**EXERCISE PROMPT**
Return, without pictures, the lines from the start of the data through the one that contains "Characteristics of Smallholder".

**RECORDED INFORMATION**
=======
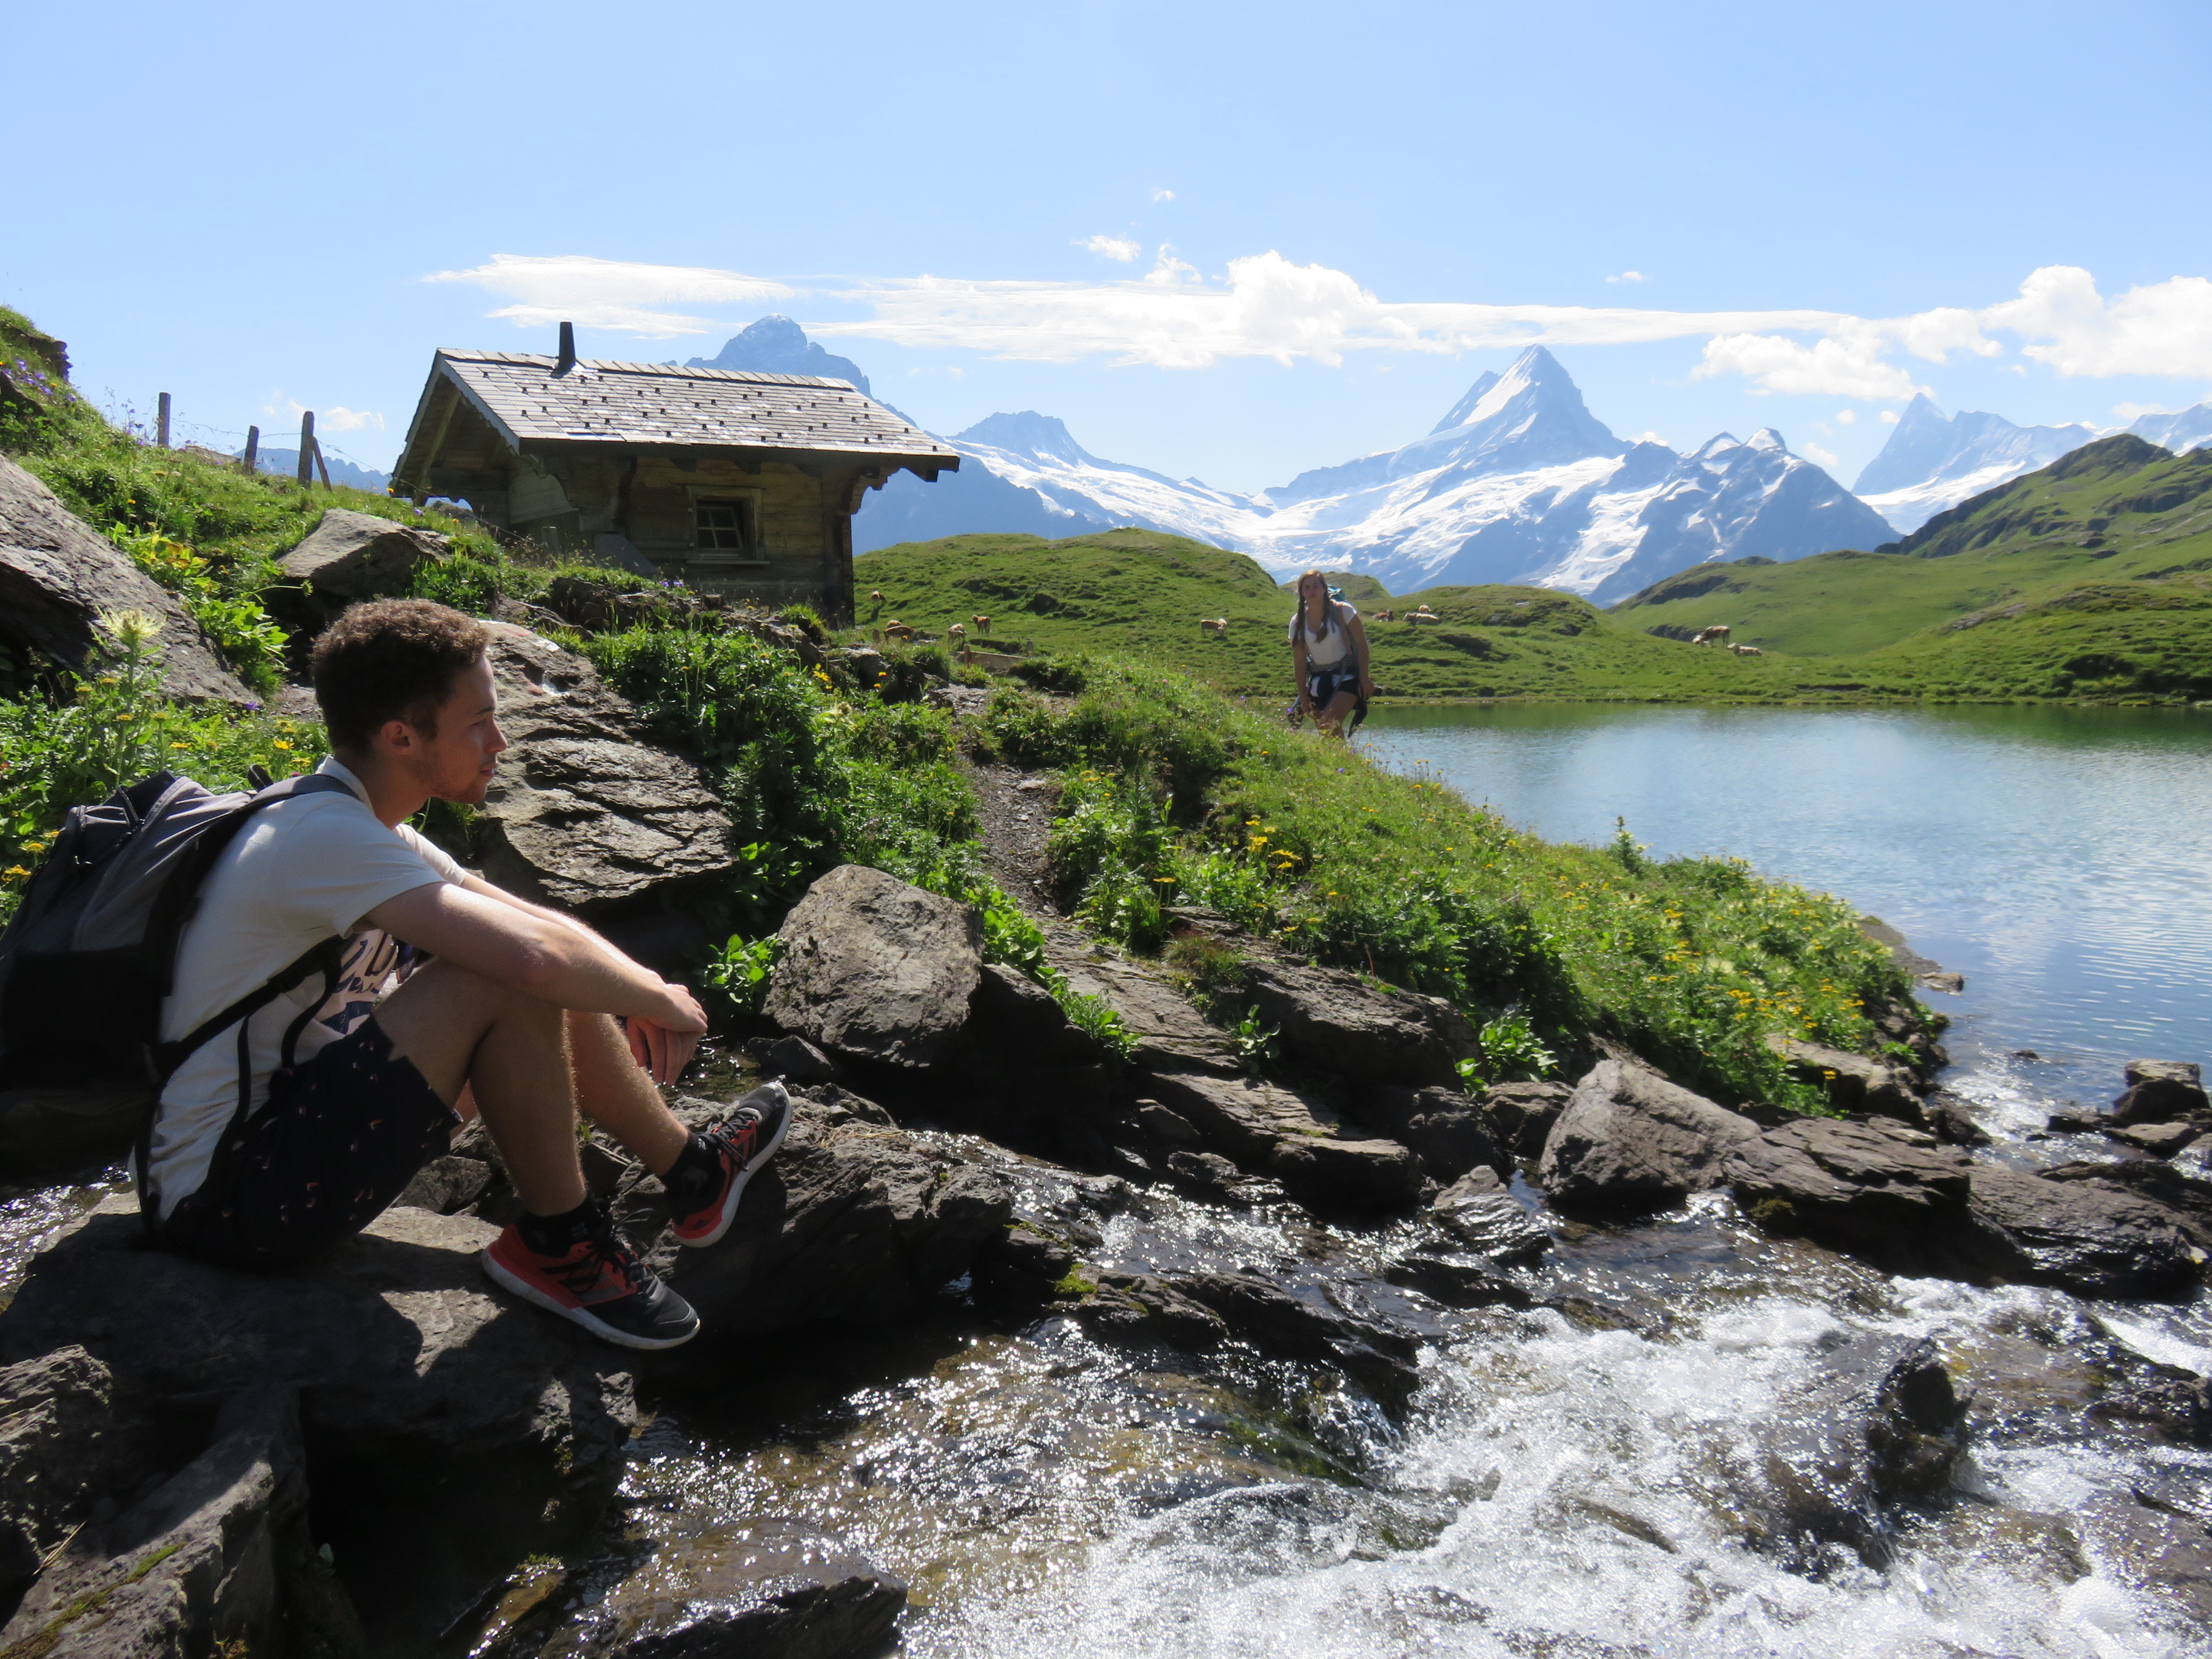 Matthew sitting next to a lake, with the mountains in the background in Switzerland.
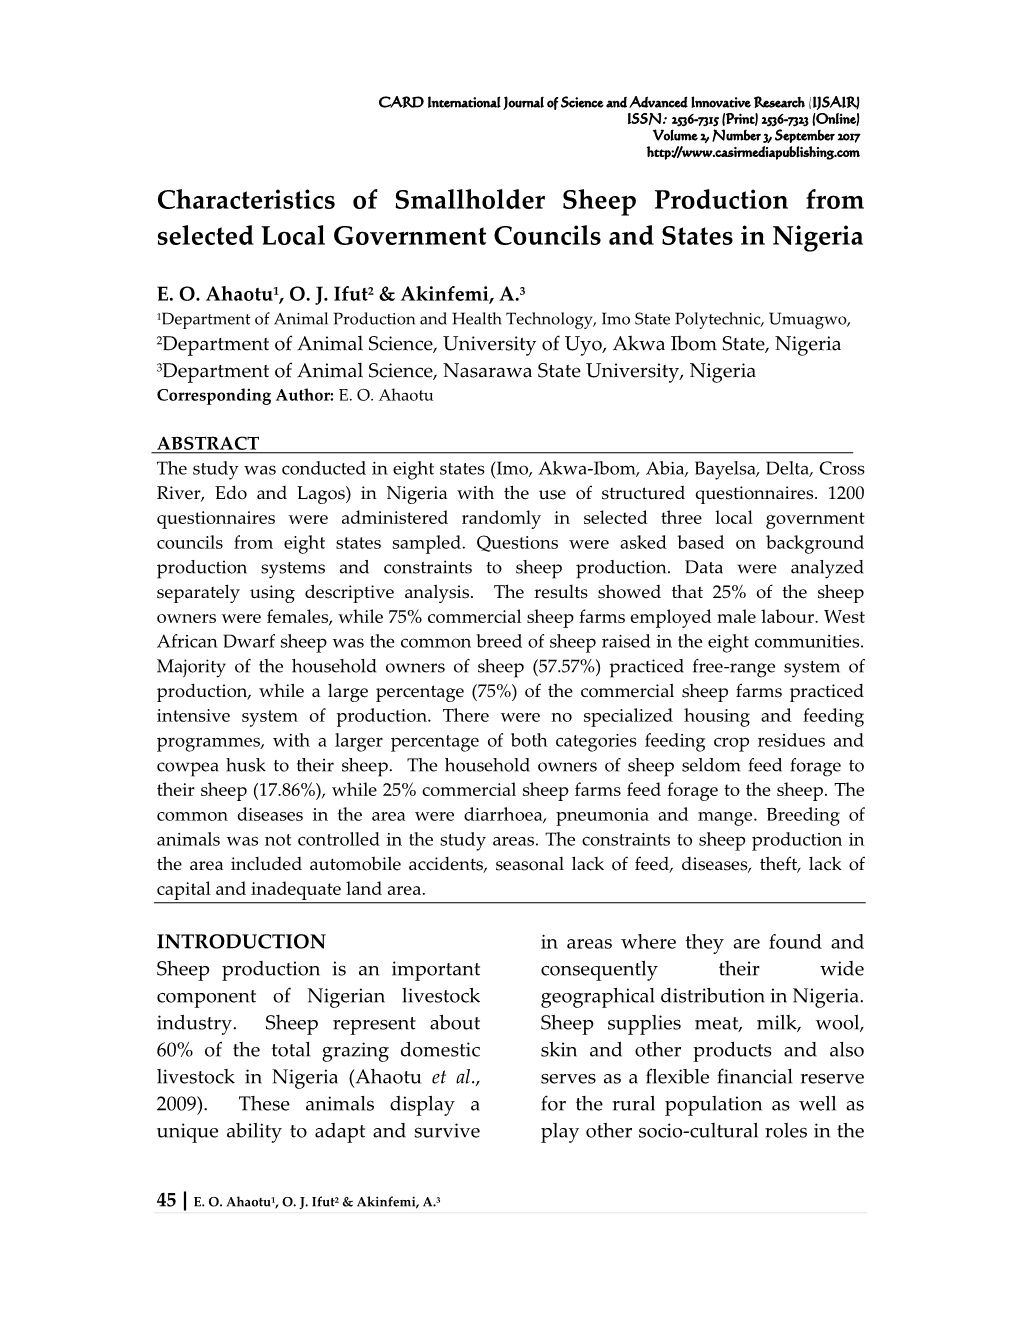 Characteristics of Smallholder Sheep Production from Selected Local Government Councils and States in Nigeria
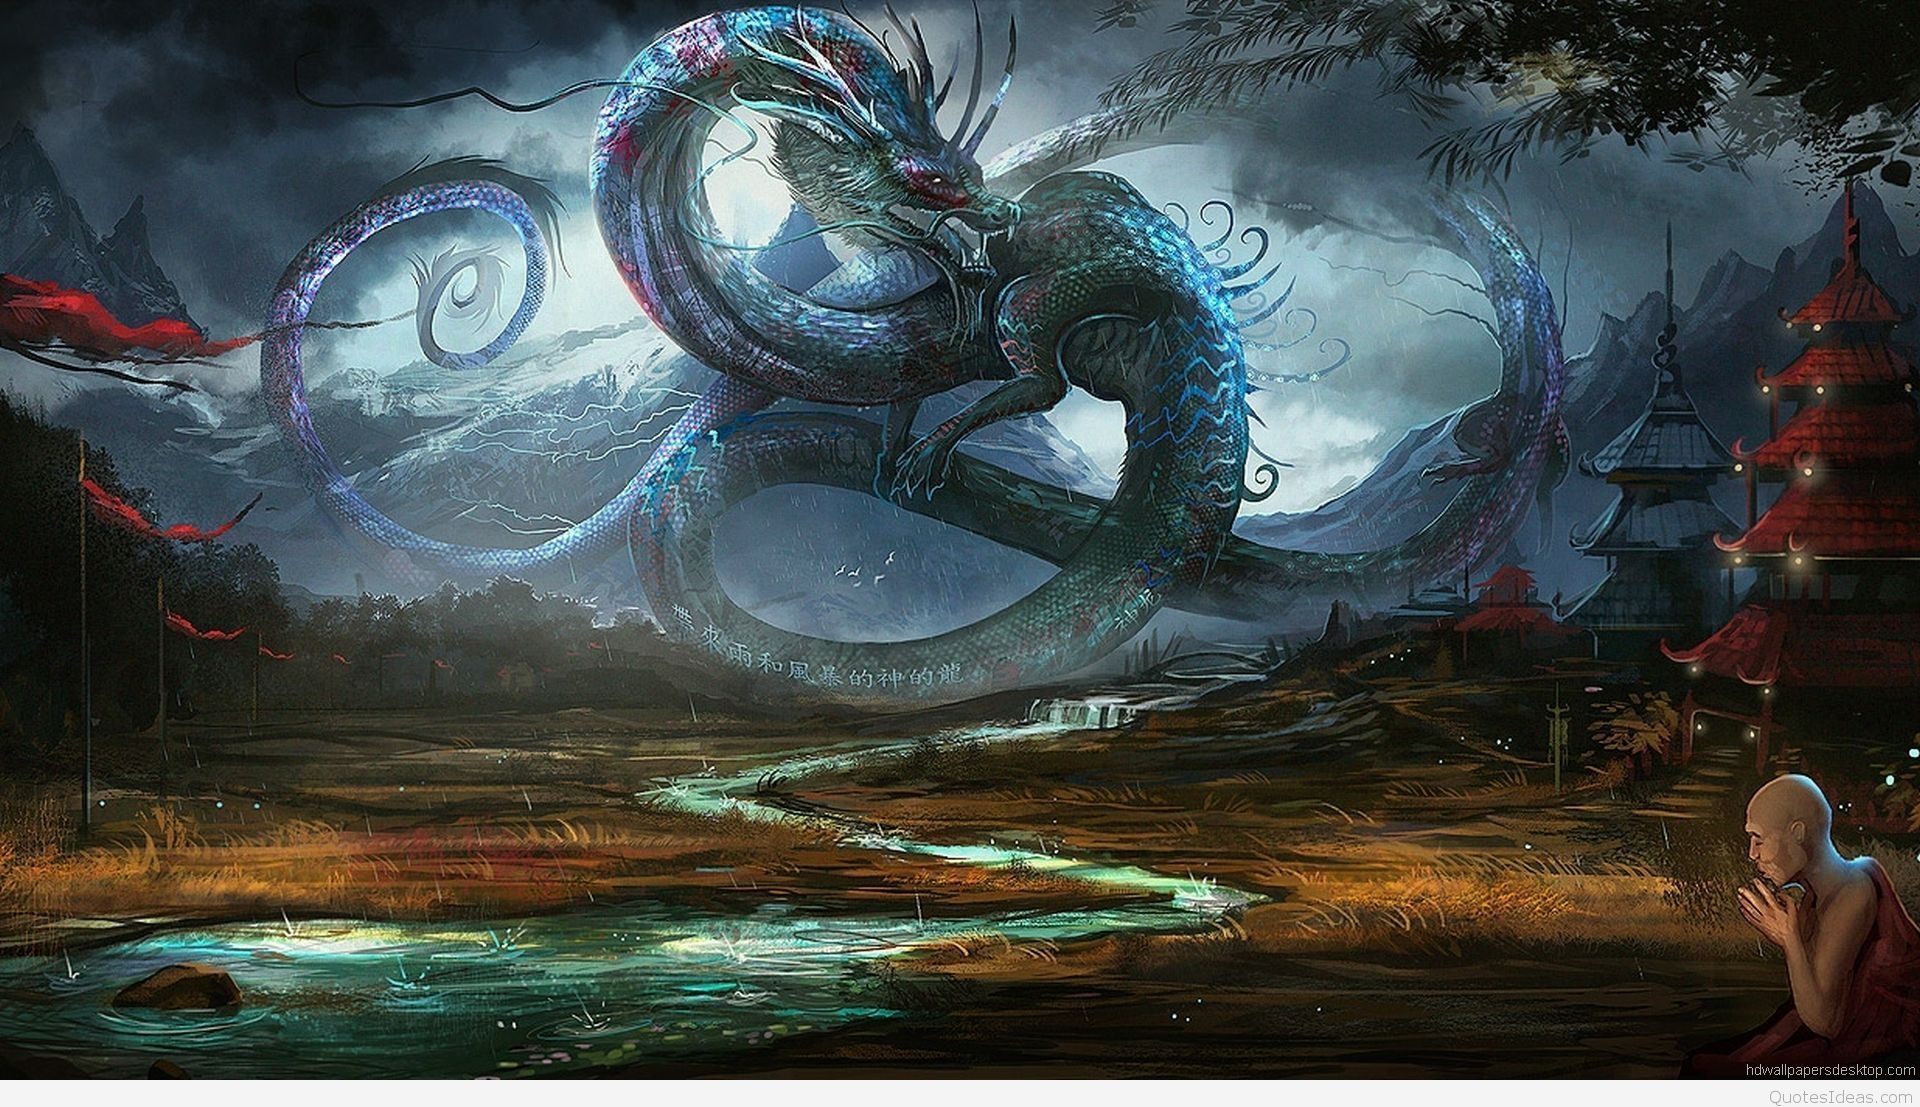 coolest wallpapers in the world,cg artwork,dragon,illustration,fictional character,mythology
=======
**OUTPUT BELOW**
 Matthew sitting next to a lake, with the mountains in the background in Switzerland.
 Characteristics of Smallholder Sheep Production from Selected Local Government Councils and States in Nigeria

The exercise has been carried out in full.